How to Implement Memento Pattern in Go

Problem

Let’s take a look at the problem. We have some object and we want to be able to save and restore its state. And we want to have a good design for it.

• We want to have a separation of concerns, different logic has to have different owners.
• We don’t want to break an encapsulation of the object and hide direct access to its state.

The Memento pattern is for the rescue!

Tasks

For example, we have a type that keeps a list of Tasks. We don’t have direct access to the list of tasks, and we have implemented the Add method.

type List []string

type Tasks struct {
	list List
}

func (t *Tasks) Add(s string) {
	t.list = append(t.list, s)
}

func (t *Tasks) All() List {
	return t.list
}

Memento

As the first step, we will introduce a new type - Memento. This is the box that can keep a list of tasks. This list is also private and we have a specific method to access it.

type Memento struct {
	list List
}

func (m *Memento) List() List {
	return m.list
}

The Memento object has to be as simple as possible and it doesn’t have any other logic.

Improve Tasks

The next step will be improving the Tasks object. We’ll need to implement two additional methods.
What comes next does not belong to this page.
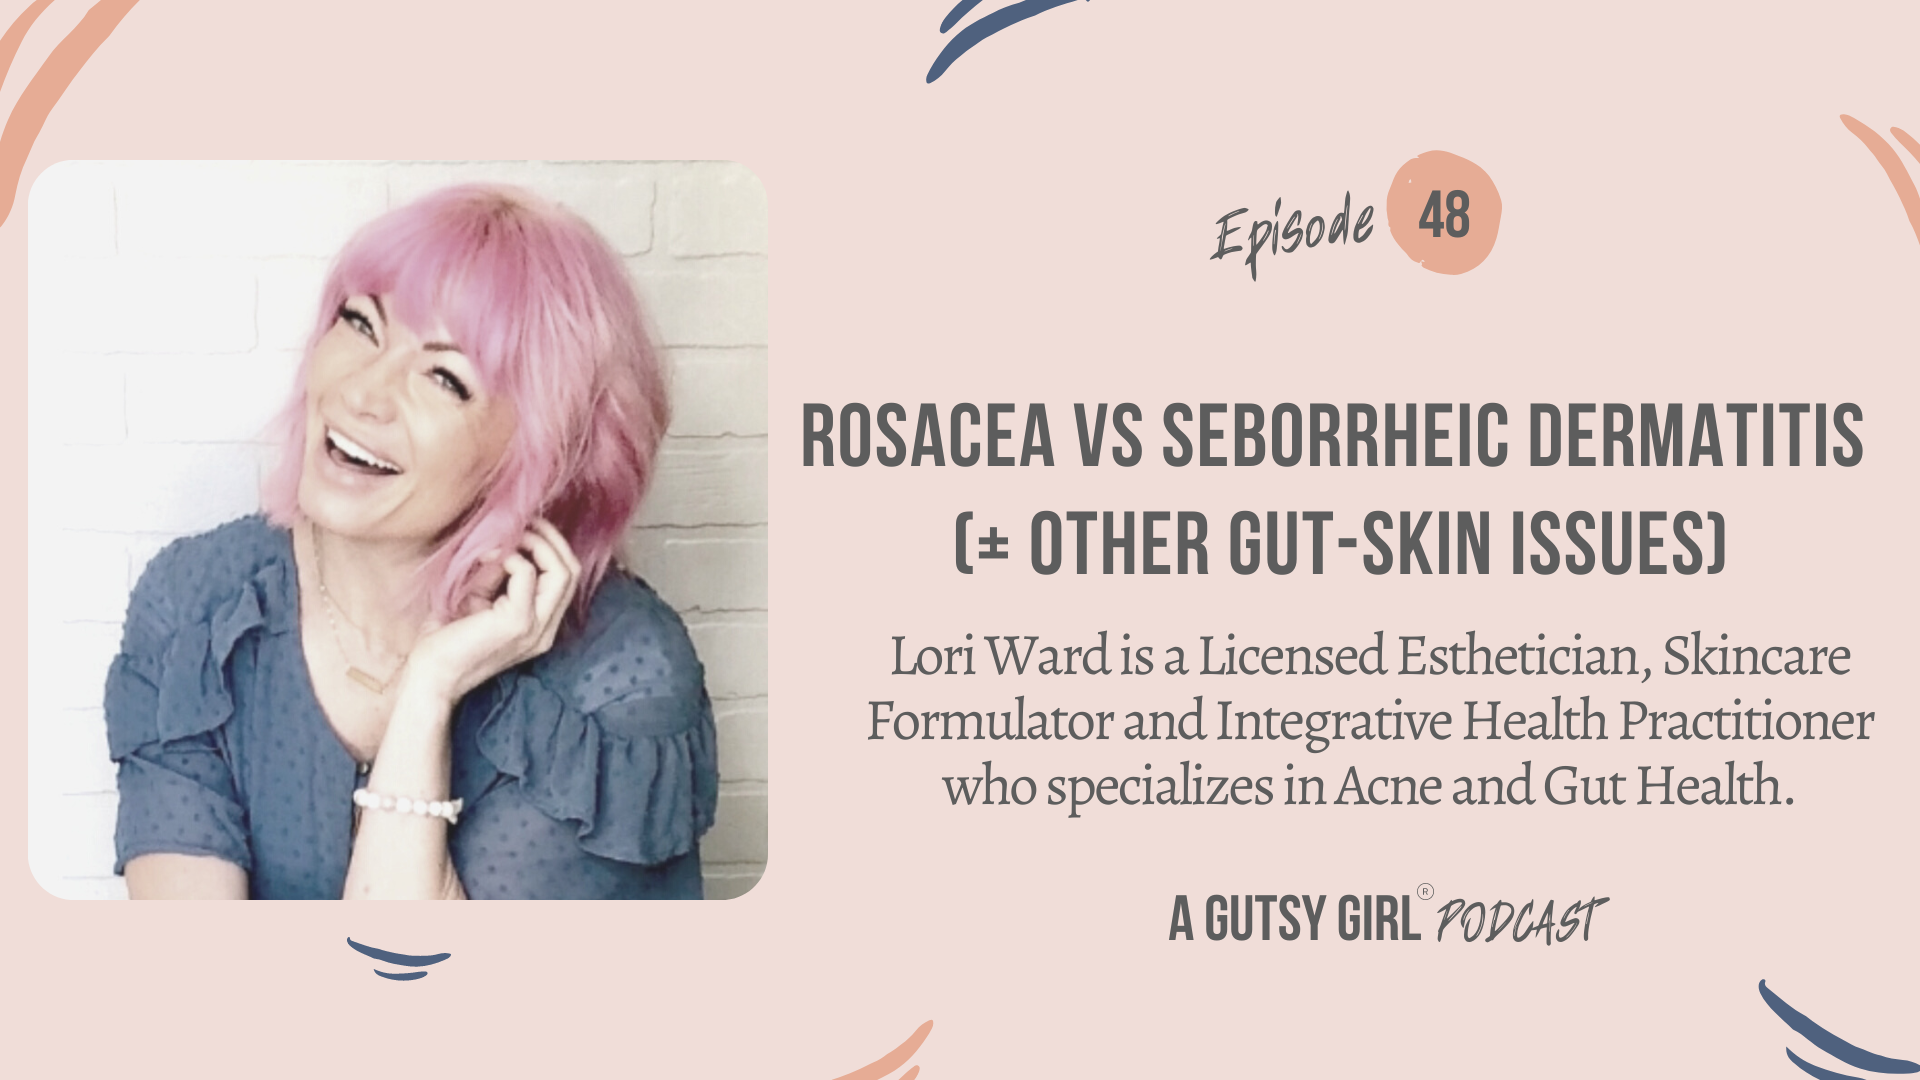 Rosacea vs Seborrheic Dermatitis (+ other gut-skin issues): Podcast Episode 48

• Memento() - it creates a Memento instance that keeps the current Tasks state.
• Restore(m Memento) - this method can restore a Tasks' state from a Memento instance

type List []string

type Tasks struct {
	list List
}

func (t *Tasks) Add(s string) {
	t.list = append(t.list, s)
}

func (t *Tasks) All() List {
	return t.list
}

func (t *Tasks) Memento() Memento {
	return Memento{list: t.list}
}

func (t *Tasks) Restore(m Memento) {
	t.list = m.list
}

History of Changes

The next object we implement will be a History type. This type keeps a stack of Memento objects.

Implementing this type is not required by the classical Memento pattern. But I think it’s good to have it for a cleaner example.

type History struct {
	history []Memento
}

func NewHistory() *History {
	return &History{make([]Memento, 0)}
}

func (h *History) Save(m Memento) {
	h.history = append(h.history, m)
}

func (h *History) Undo() Memento {
	if len(h.history) > 1 {
		n := len(h.history) - 1
		h.history = h.history[:n]
		return h.history[len(h.history)-1]
	} else {
		return Memento{}
	}
}

Usage Example

In this example, the main function knows why and when the Tasks need to save and restore itself.

In the general case, it can be an additional type that keeps that logic.

func main() {
	history := NewHistory()

	tasks := NewTasks()

	tasks.Add("Task 1")
	history.Save(tasks.Memento())

	tasks.Add("Task 2")
	history.Save(tasks.Memento())

	fmt.Println(tasks.All())

	tasks.Restore(history.Undo())
	fmt.Println(tasks.All())

	tasks.Restore(history.Undo())
	fmt.Println(tasks.All())
}

And output will be

# Output
➜  go-patterns git:(main) go run ./behavioral/memento
[Task 1 Task 2]
[Task 1]
[]

Conclusion

Implementation of a basic Memento Pattern is a good example of separation of concerns. It keeps encapsulation of the initial object and extends its functionality with new logic.

Happy coding!

Code examples can be found in my GitHub repo pavel-fokin/go-patterns.